The fixed length bottleneck and the feed forward network

This post is a kind of note-to-self of a hitch I'm having in my understanding of the mechanics of LLMs at this point in my journey. Please treat it as the musings of a learner, and if you have suggestions on ways around this minor roadblock, comments below would be very welcome!

Having read about and come to the seeds of a working understanding of the role of the feed-forward network in a GPT-style LLM, something has come to mind that I'm still working my way through. It's likely due to a bug in at least one of the mental models I've constructed so far, so what I'd like to do in this post is express the issue as clearly as I can. Hopefully having done that I'll be able to work my way through it in the future, and will be able to post about the solution.

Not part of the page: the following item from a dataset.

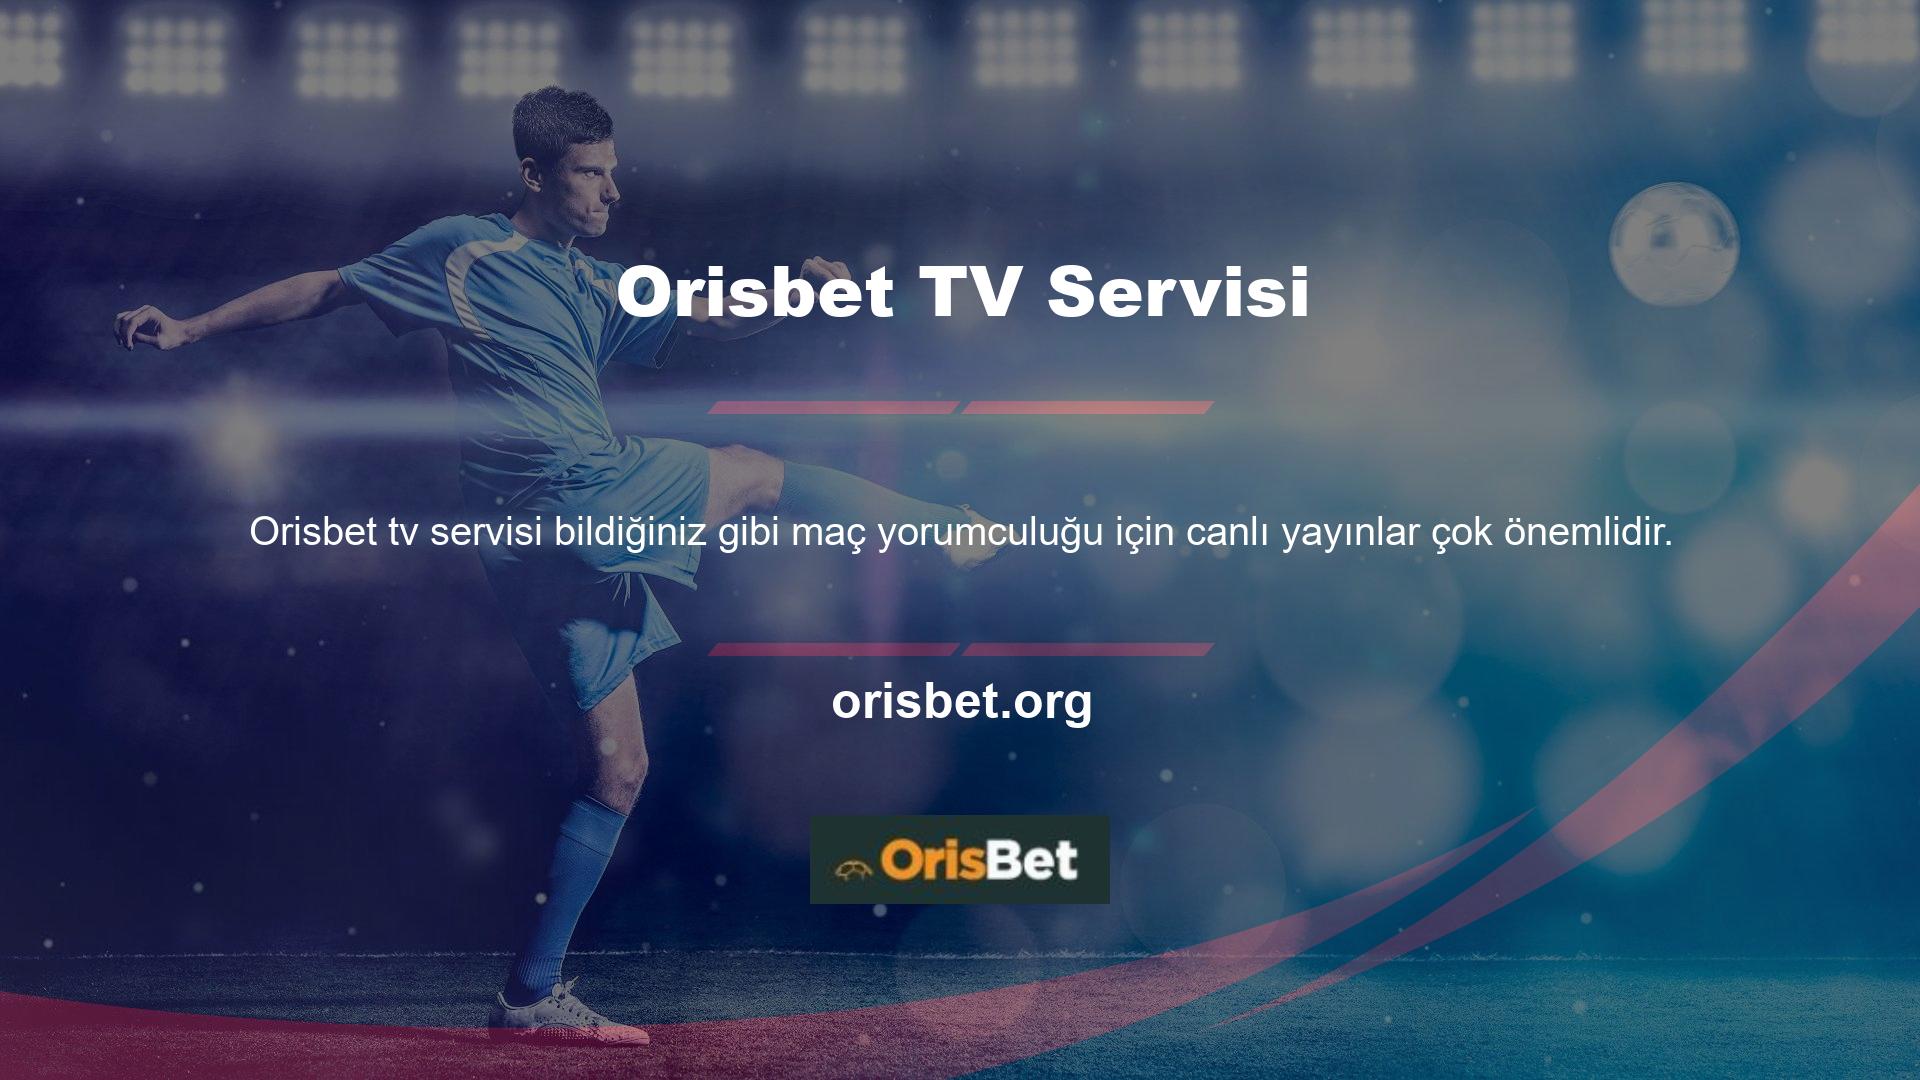 Bu nedenle Orisbet TV hizmeti, spor bahisleri söz konusu olduğunda çok iyi bir ortaktır

The core of the issue is that the feed-forward network operates on a per-context-vector basis -- that is, the context vectors for each and every token are processed by the same one-hidden-layer neural network in parallel, with no crosstalk between them -- the inter-token communication is all happening in the attention mechanism.

But this means that the amount of data that the FFN is handling is fixed -- it's a vector of numbers, with a dimensionality determined by the LLM's architecture -- 768 for the 124M parameter GPT-2 model I'm studying.

Here's the issue: in my mental model of the LLM, the attention mechanism is working out what to think about, but the FFN is what's doing the thinking (for hand-wavy values of "thinking"). So, given that it's thinking about one context vector at a time, there's a limit to how much it can think about -- just whatever can be represented in those 768 dimensions for this size of GPT-2.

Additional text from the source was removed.